Intellectual Property

Researchers in both clinical and basic arenas often create innovation, which means improved products, processes, or approaches for an identified job or function. Innovation can create new markets and/or demand.  Intellectual property (IP) rights, including patents and copyrights, enable the creator to benefit from the innovation.

Mount Sinai’s policy is that if you develop IP as a student, trainee, post-doc, fellow, faculty member, or employee of Mount Sinai, or under the supervision of Mount Sinai, that IP is owned by the Mount Sinai Health System.

An inventor, under U.S. law, is a person who makes an original, significant intellectual contribution leading to the conception of the invention. This concept is significantly different than authorship on an academic publication.

Legal Protection

Legally, IP is protected in four ways: patents, trademarks, copyrights, and trade secrets. Each form of legal protection is governed by its own body of federal and/or state law. Trade secrets and other ownership legalities are regulated by business law. Mount Sinai Innovation Partners (MSIP) can help you learn about protecting your IP.

Public Disclosure

Public disclosure means discussing your invention openly and it can result in your losing your right to patent that invention. Public disclosure includes sharing your IP through journal publications, website publications, and conference presentations. More generally, it is when you make intellectual property publicly available and accessible to those who are skilled in the art to which the invention relates.

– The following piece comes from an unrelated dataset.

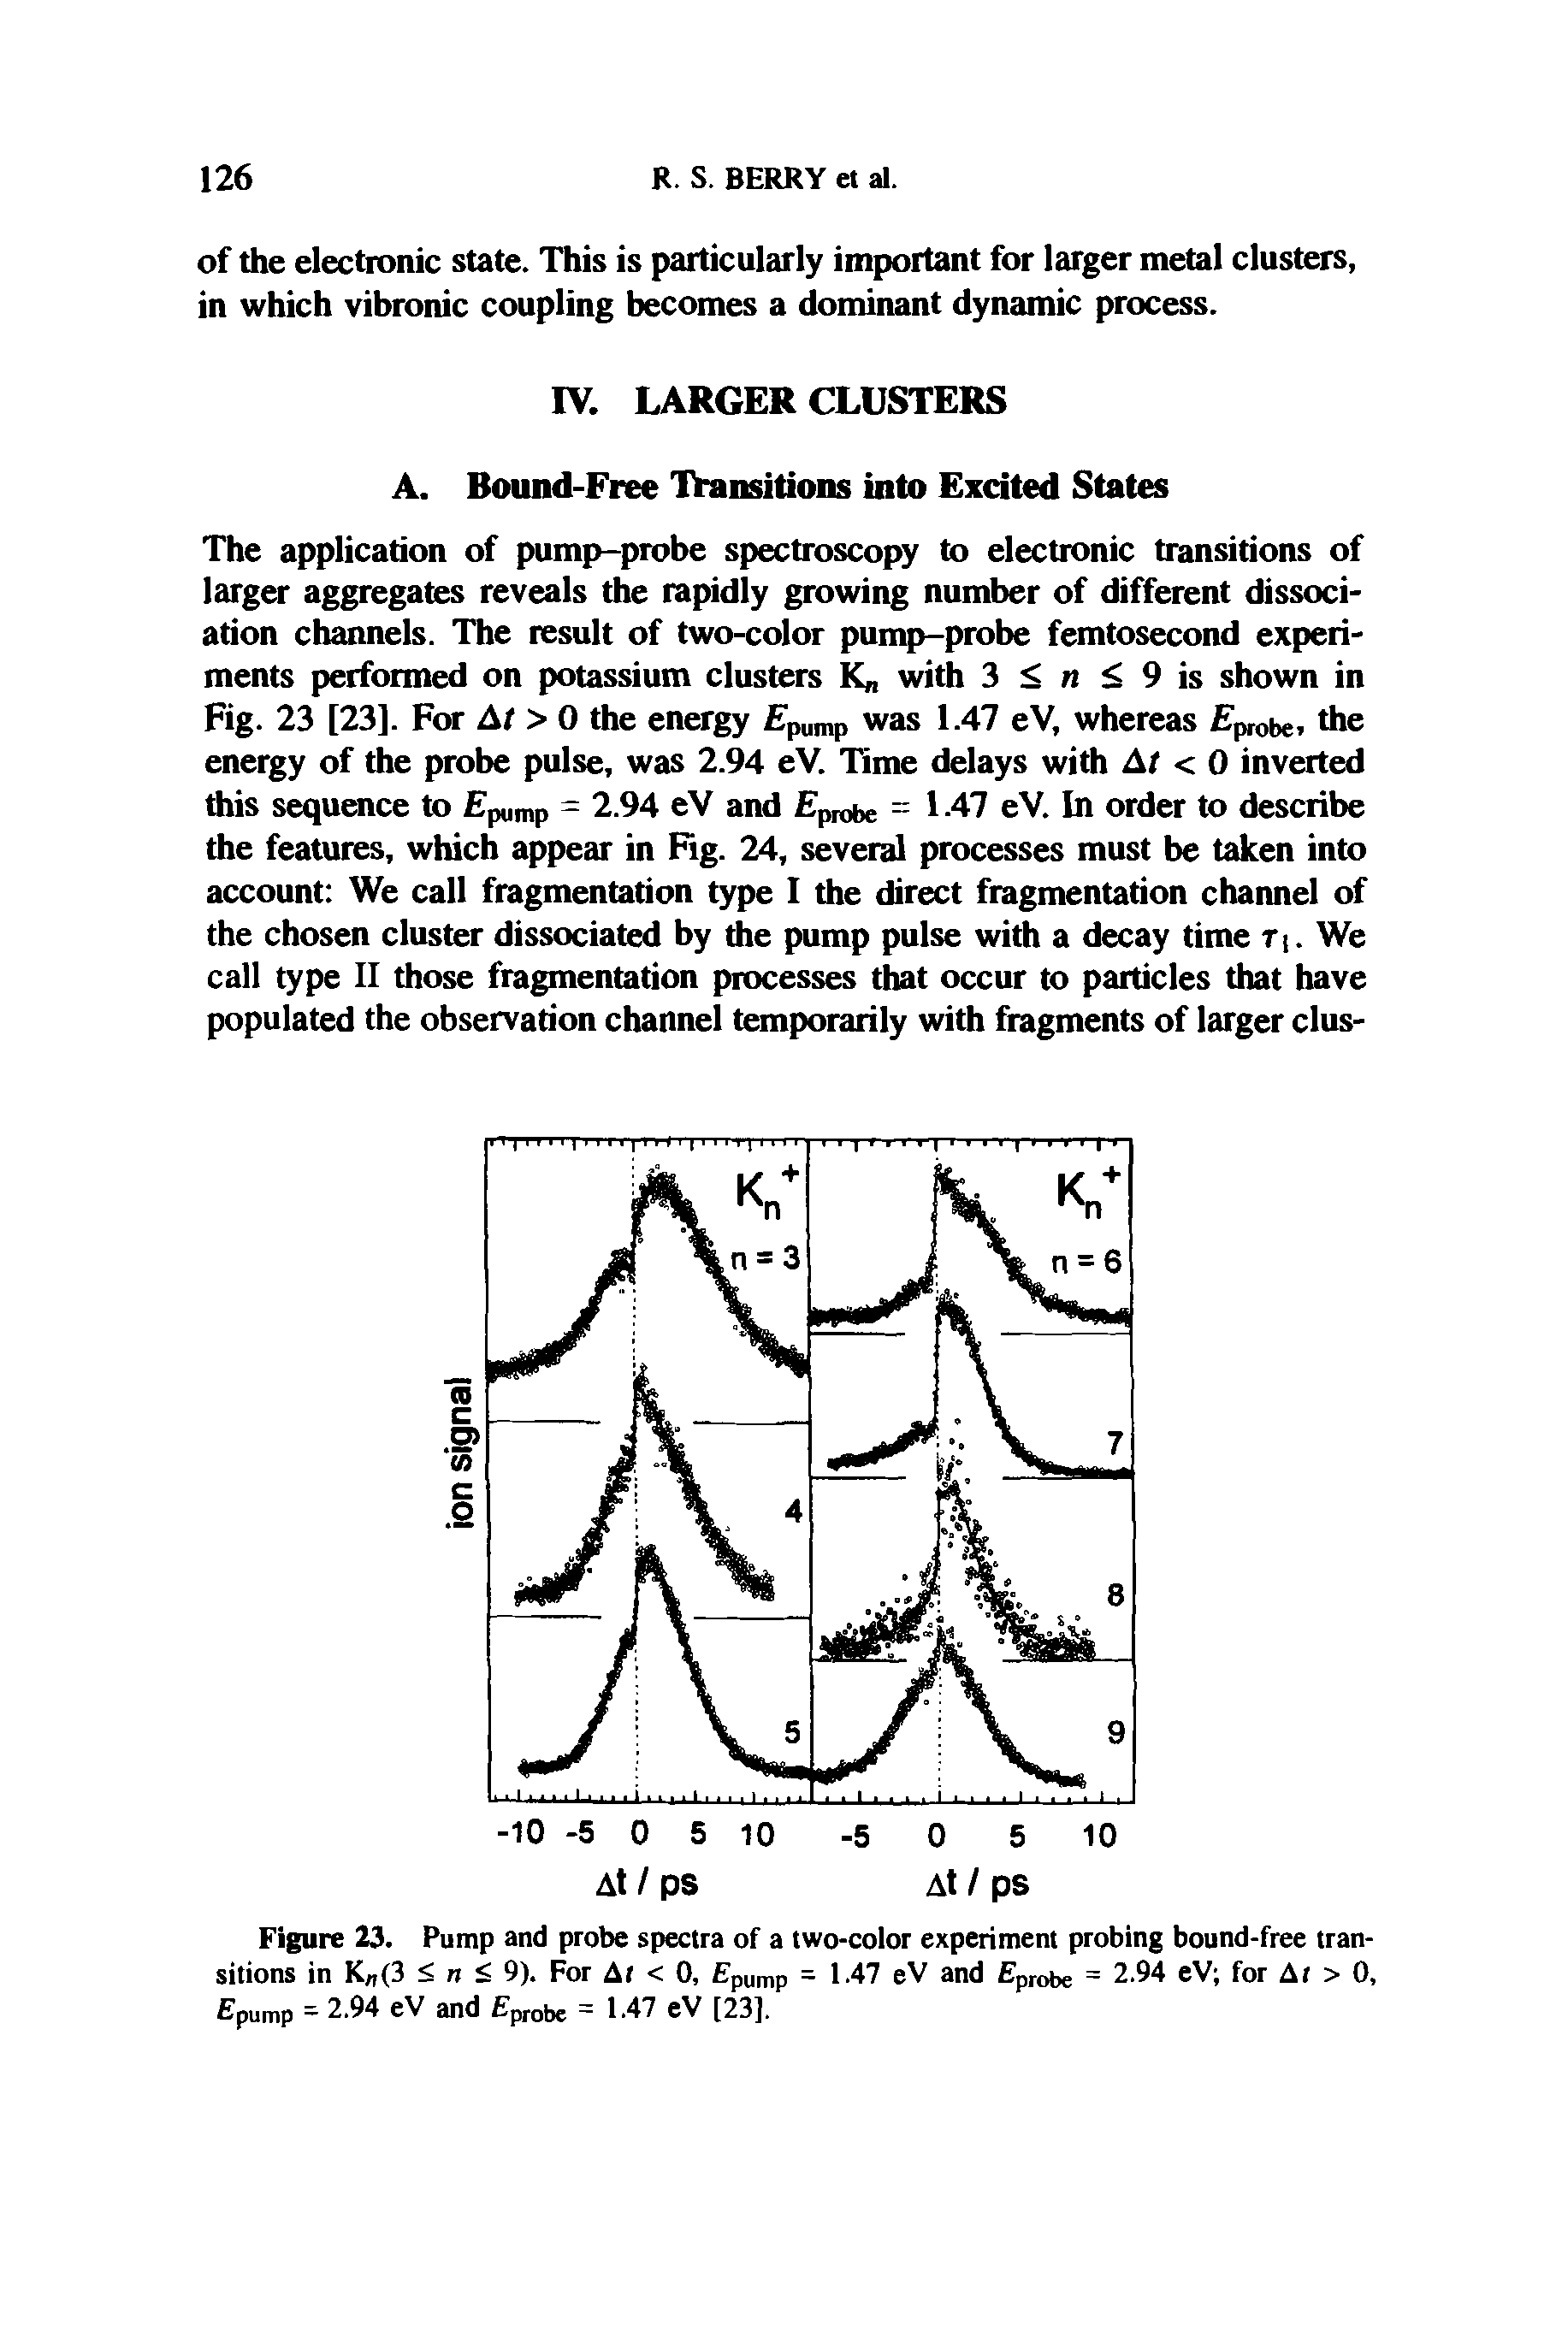 Figure 23. Pump and probe spectra of a two-color experiment probing bound-free transitions in K (3 < n < 9). For At < 0, Epump = 1.47 eV and Eprobe = 2.94 eV for At > 0, Epump — 2.94 eV and Eprobe = 1.47 eV [23],...

To avoid losing your right to patent your IP, your first step in disclosing an invention is to contact MSIP. MSIP assesses your IP to determine whether it has strong commercial potential. If it does, the MSIP manager will help you fill out a Technology Disclosure Form and begin our commercialization process.

Patents and Prior Art

A patent is a legal monopoly that allows you, as the patent holder, to prevent others from making, using, or selling an invention covered by your patent. Patents are granted by governments. Generally, they may be enforced only in the jurisdiction that has granted them.

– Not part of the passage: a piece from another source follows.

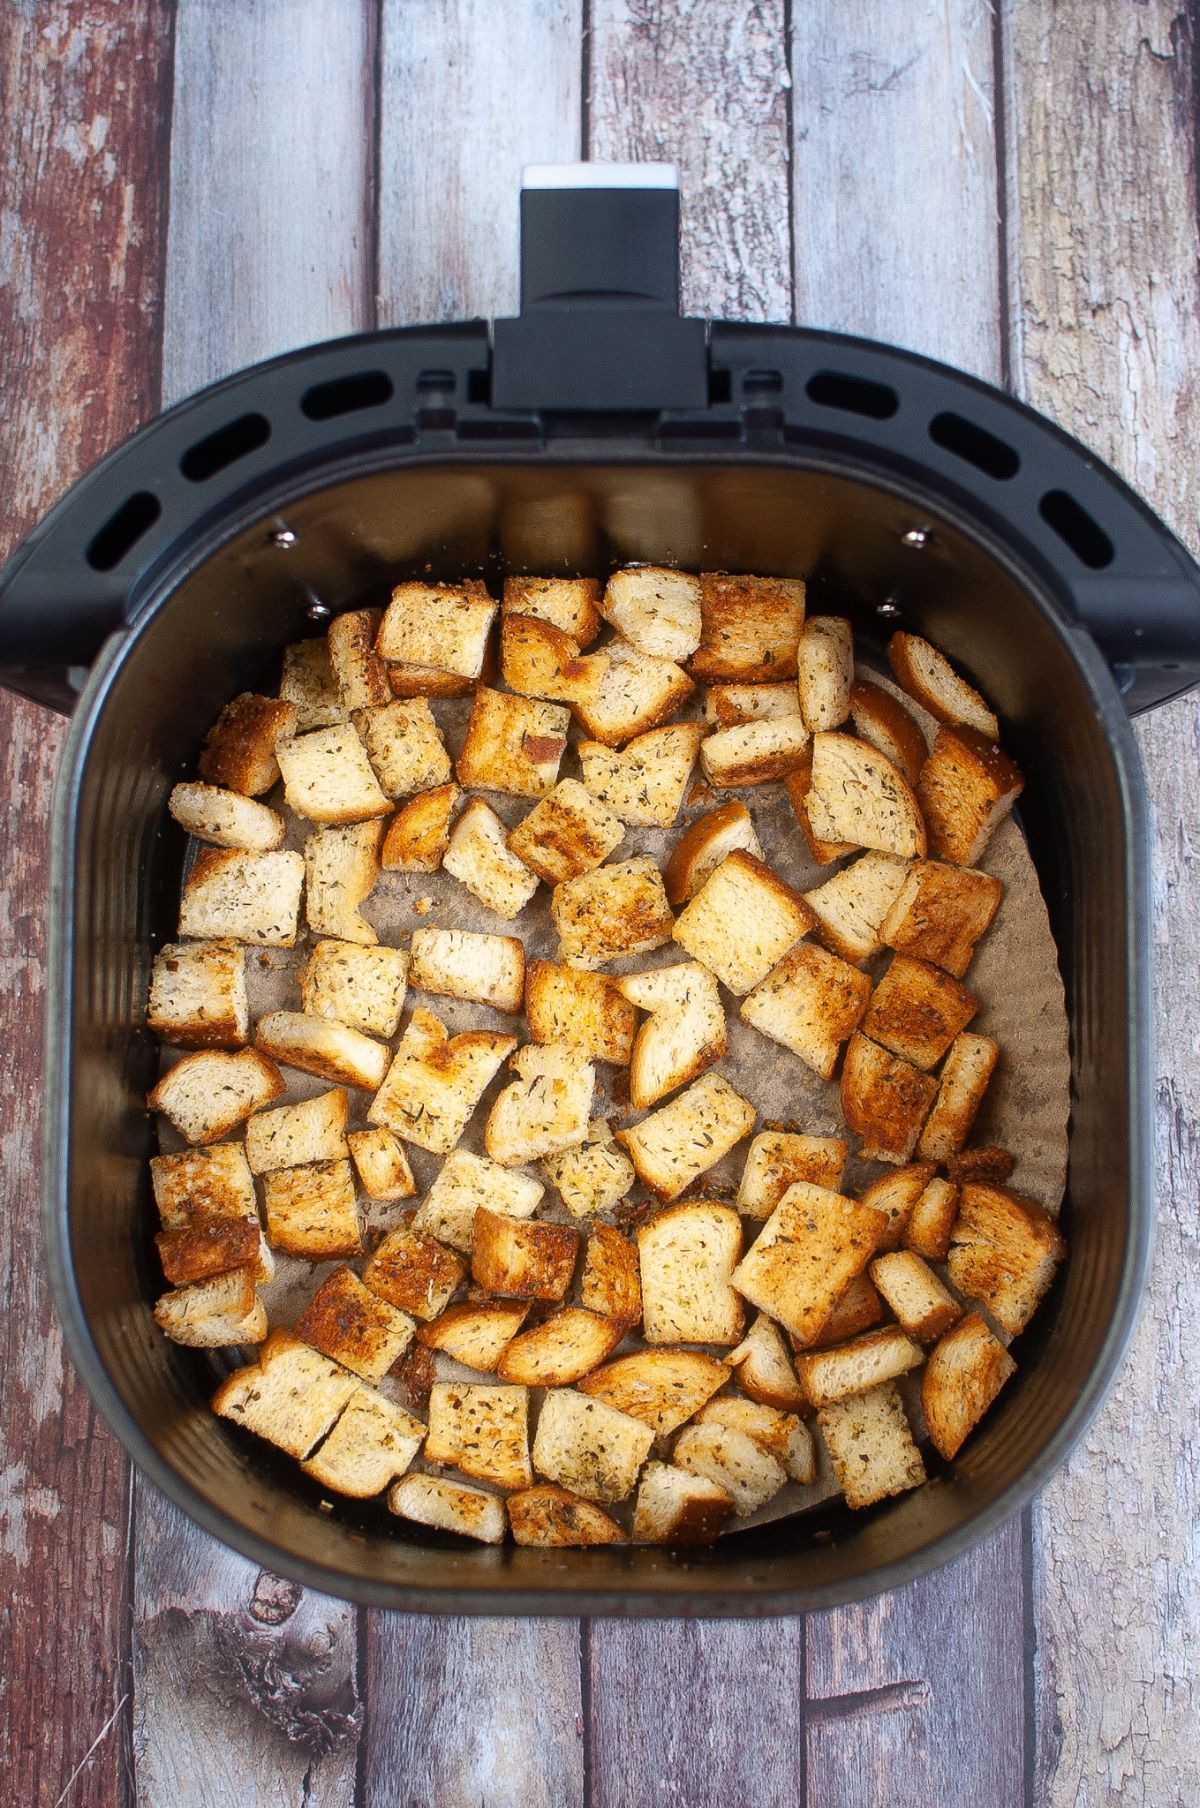 Croutons inside the Air Fryer.

Prior art is any relevant publication, patent, or event prior to invention that may be considered by the patent office in evaluating patentability of the invention. Anything that has been published, used in public, offered for sale or sold by anyone before the inventor(s) made the invention, may become a part of the prior art for that application.

Copyrights

A copyright grants legal protection to the authors of original works, including literary, dramatic, musical, artistic, architectural, and certain other intellectual works, and is available to protect both published and unpublished works. As an owner, you have the exclusive right to authorize others to reproduce the work; create derivative works; distribute copies of the work; perform the copyrighted work publicly, display the work publicly, and if it is a sound recording, to perform the work publicly.